[Data segment Boundary: Start]

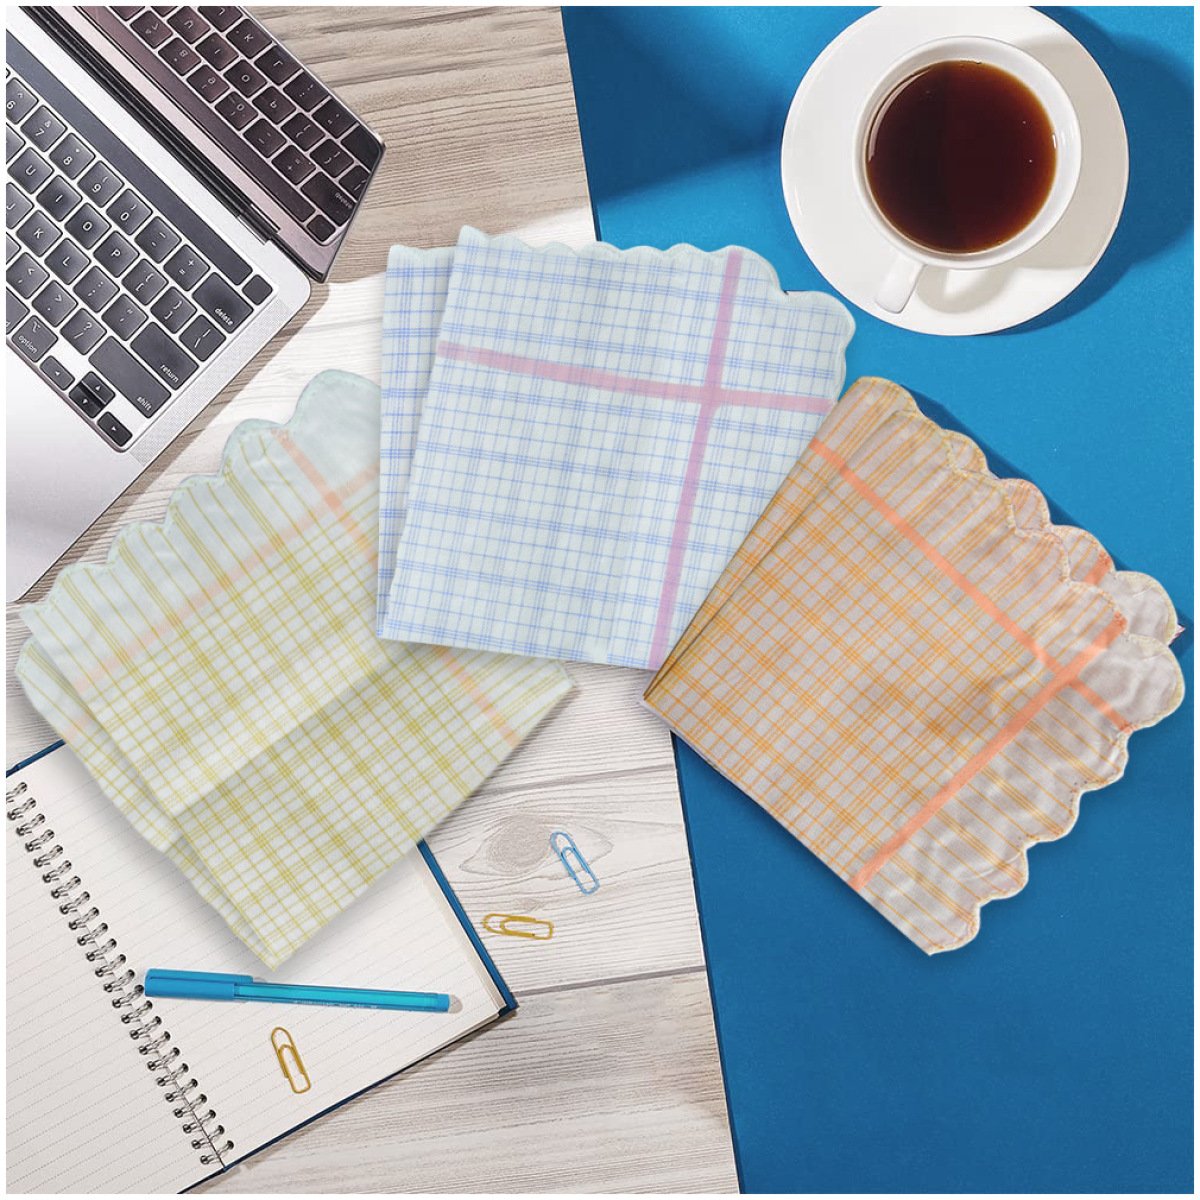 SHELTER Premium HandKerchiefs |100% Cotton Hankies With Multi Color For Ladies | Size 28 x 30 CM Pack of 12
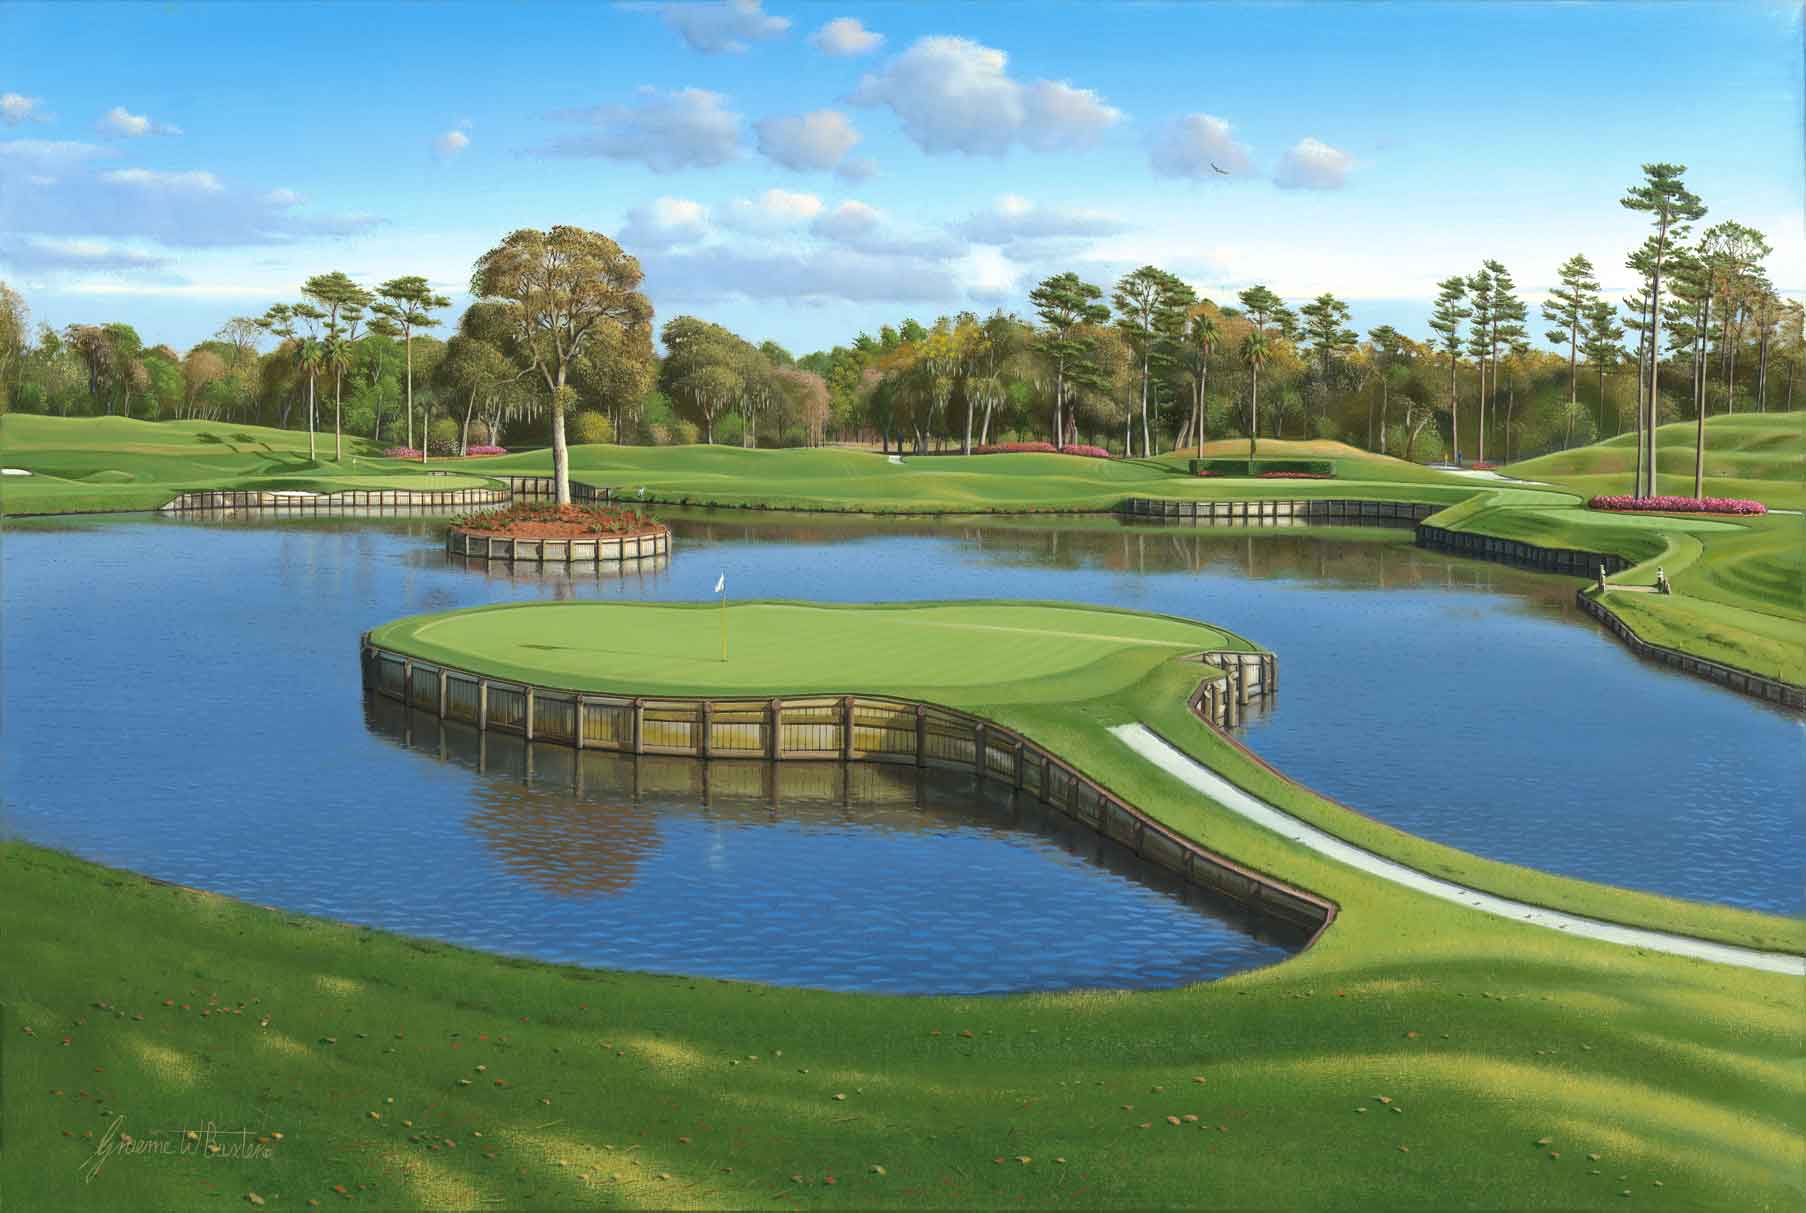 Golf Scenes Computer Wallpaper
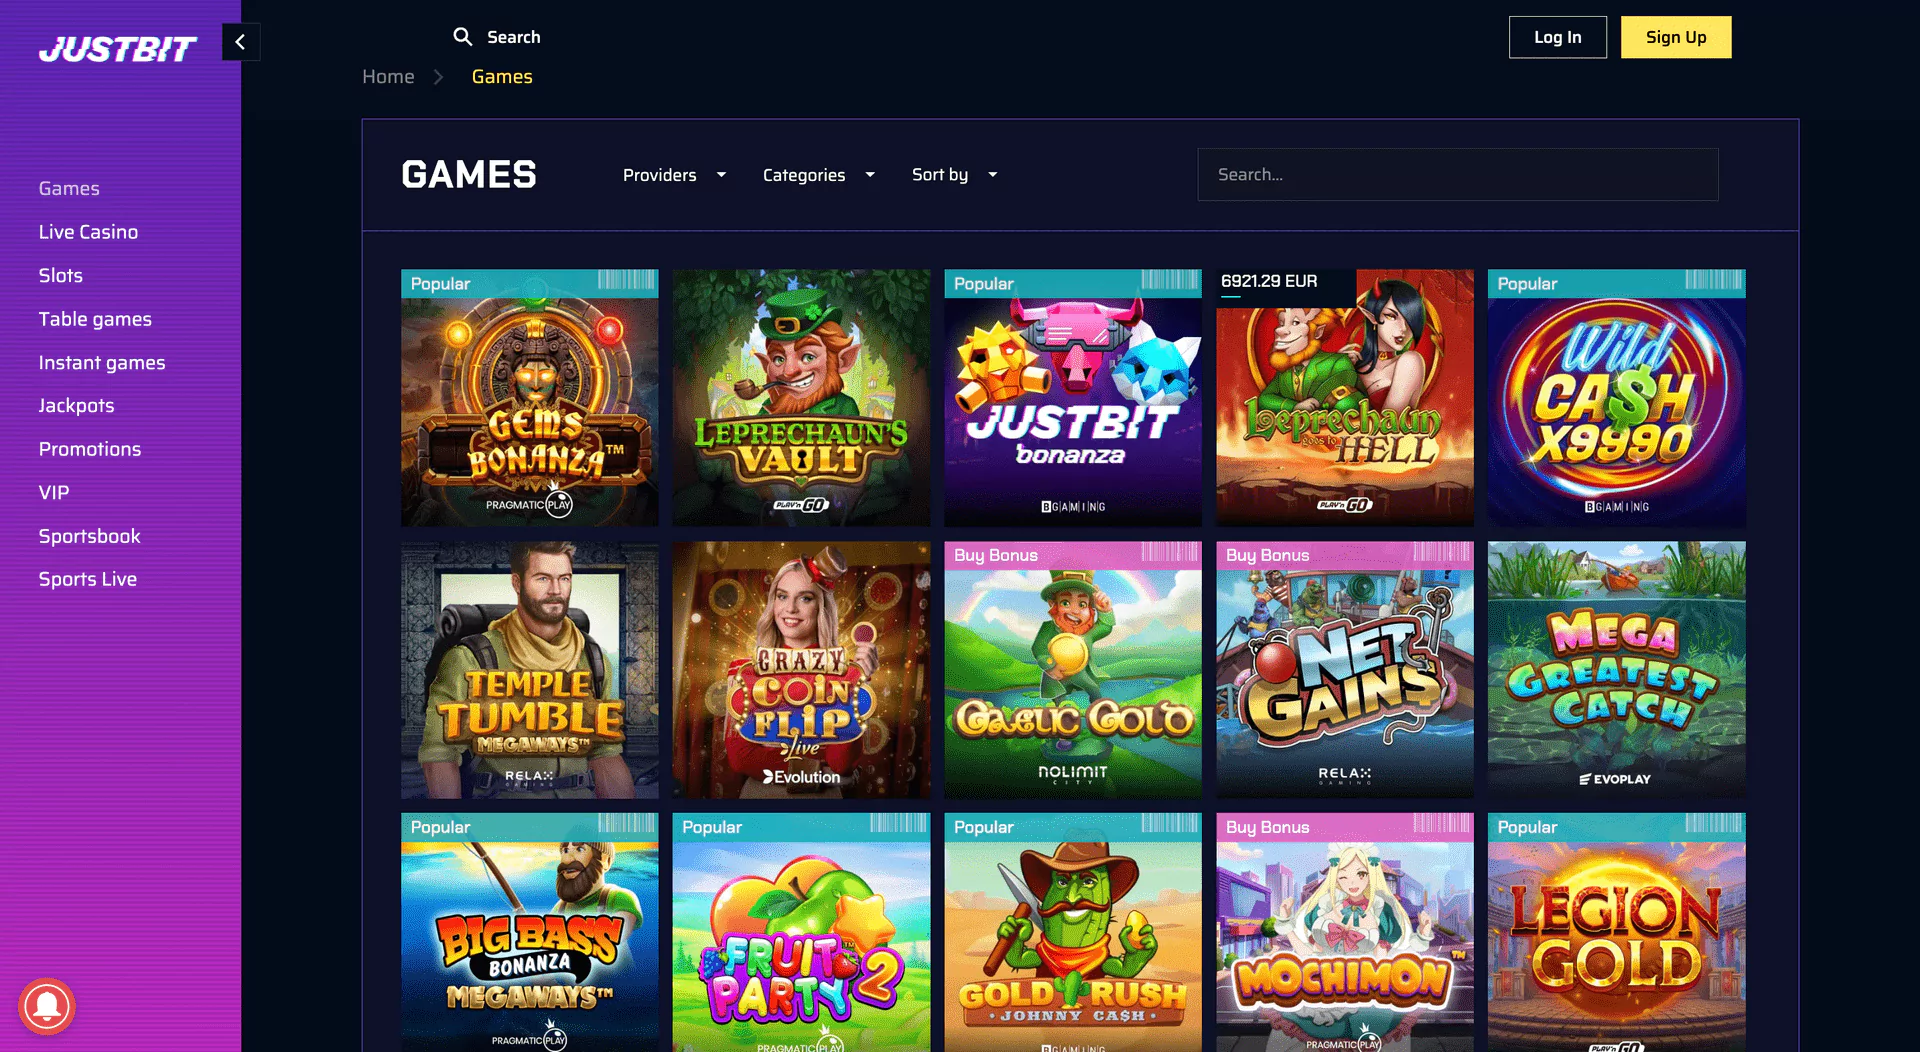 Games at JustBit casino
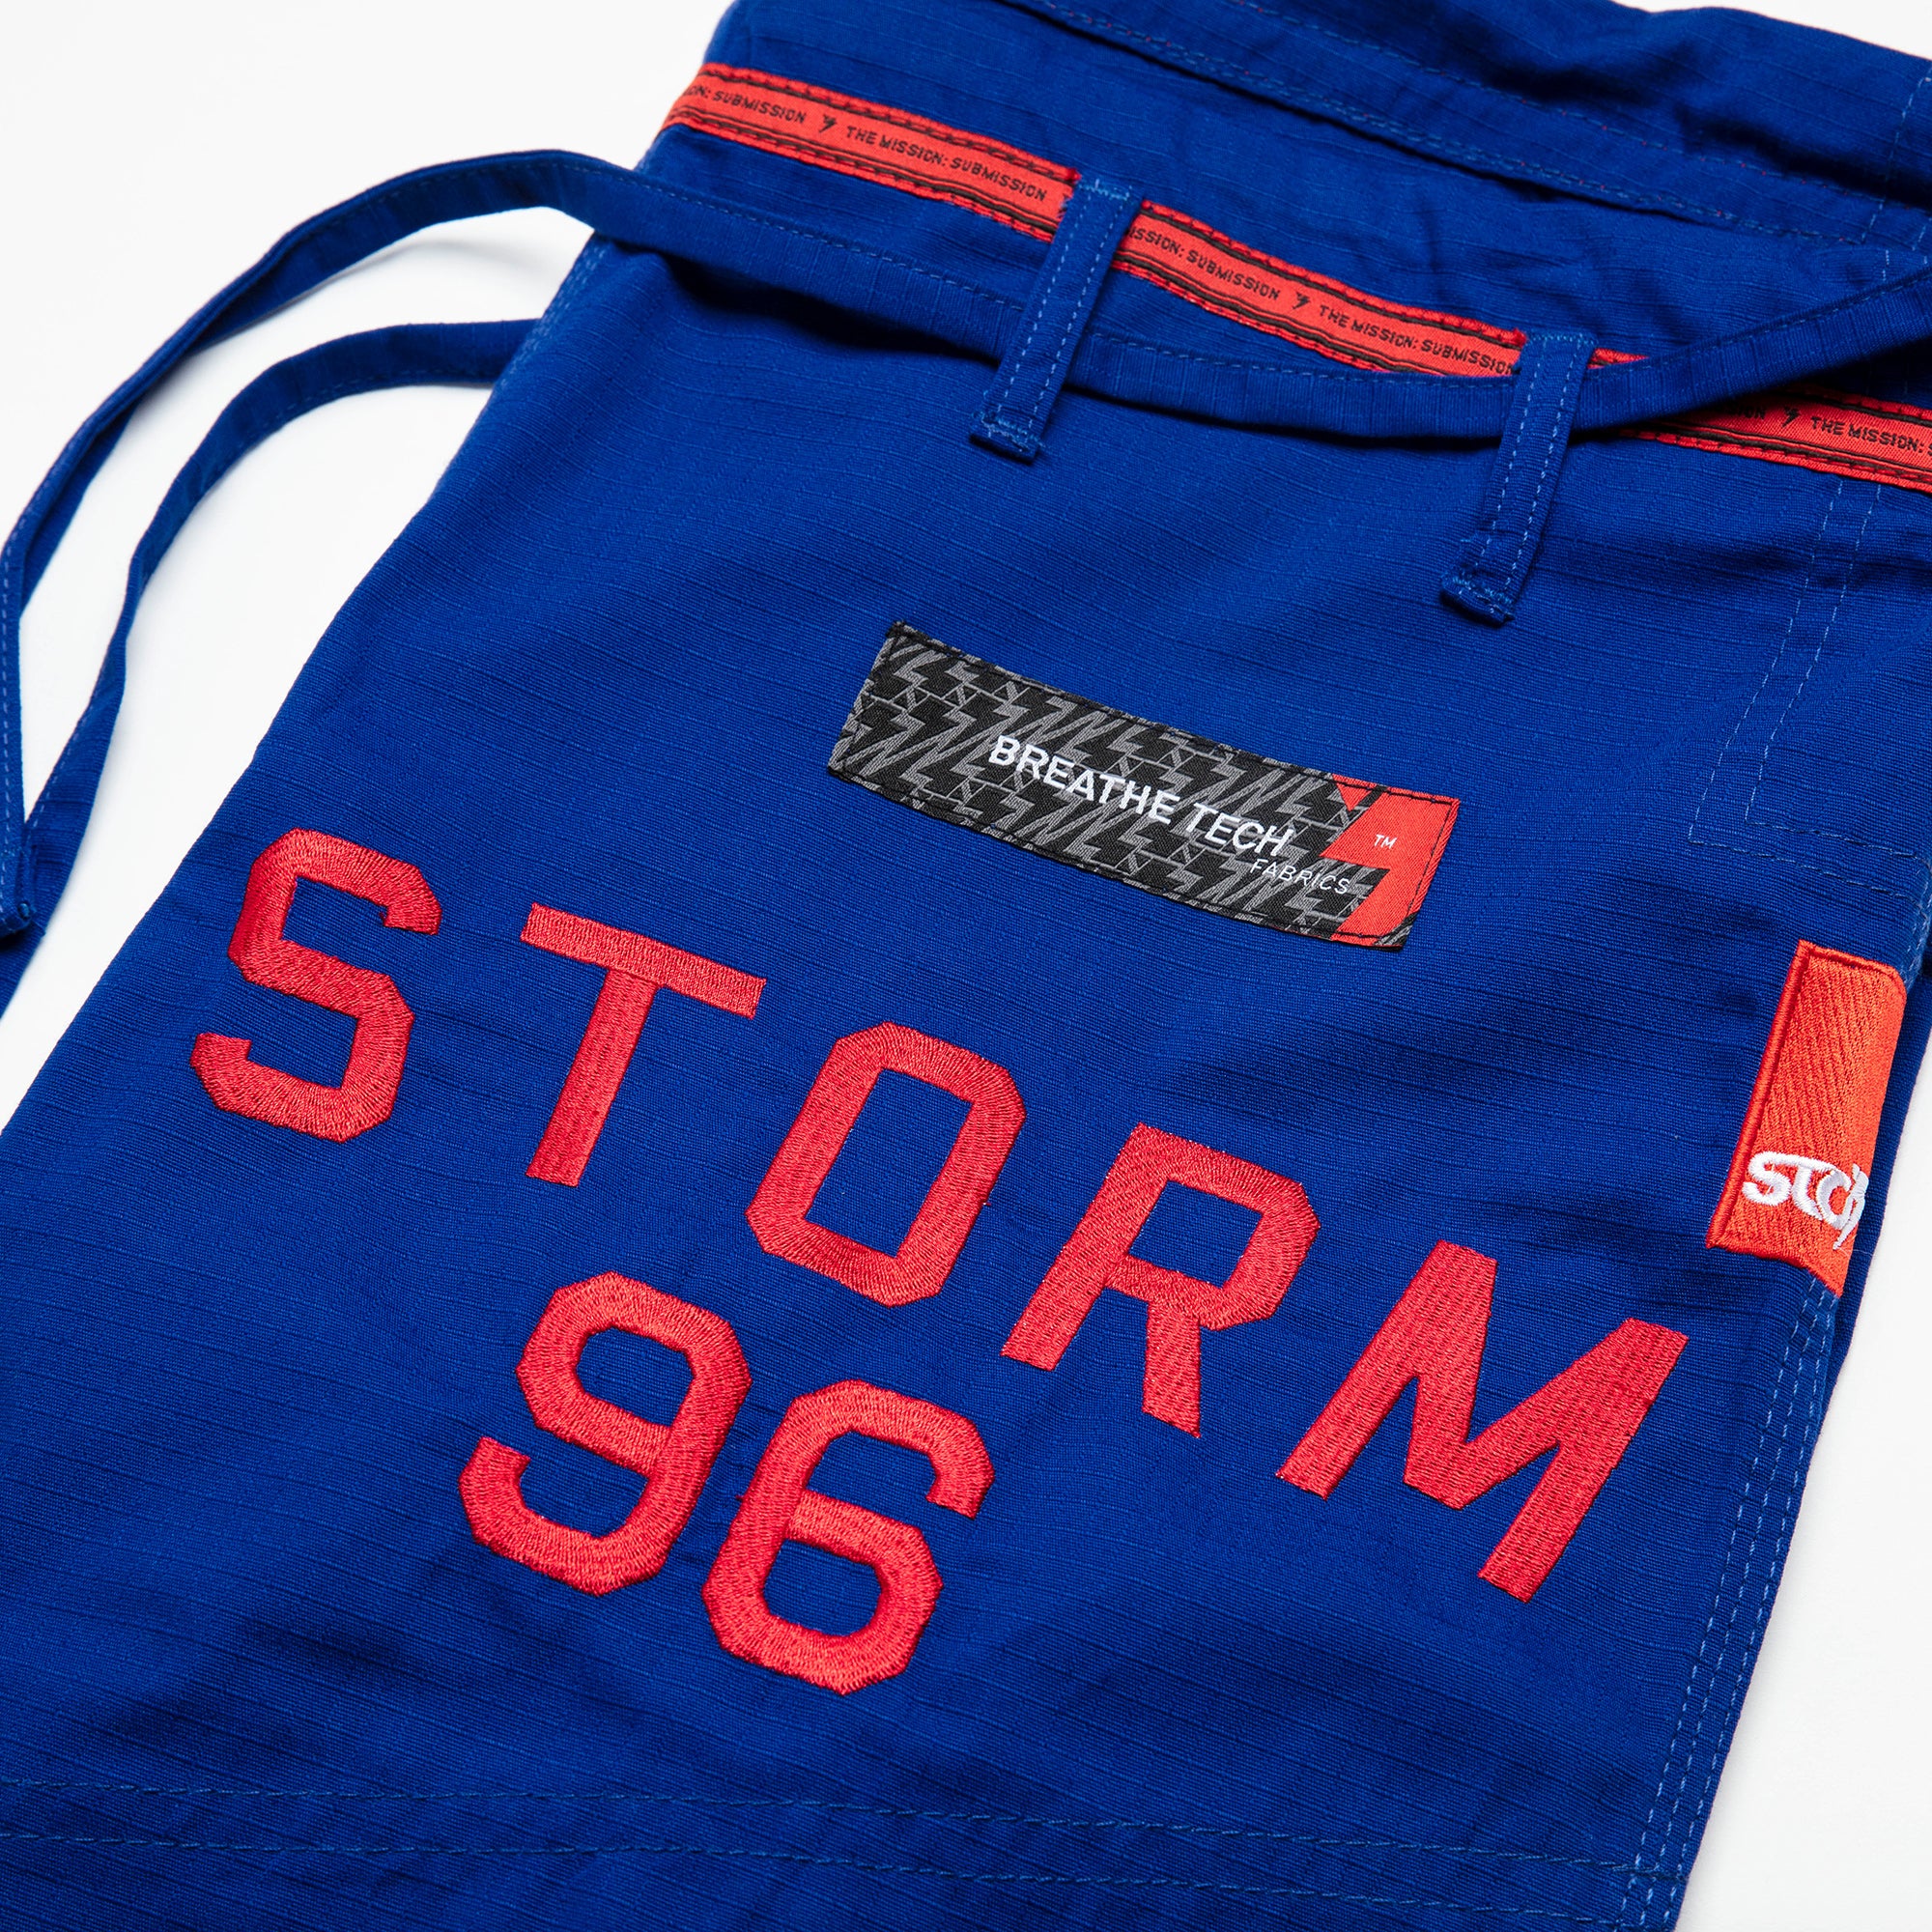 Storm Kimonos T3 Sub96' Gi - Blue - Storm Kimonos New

[Data segment Boundary: End]

→ **Task instructions**: The whole listing should be transcribed exactly, though its pictures must be left out.

→ **Answer**:
 SHELTER Premium HandKerchiefs |100% Cotton Hankies With Multi Color For Ladies | Size 28 x 30 CM Pack of 12
 Golf Scenes Computer Wallpaper
 Games at JustBit casino
 Storm Kimonos T3 Sub96' Gi - Blue - Storm Kimonos New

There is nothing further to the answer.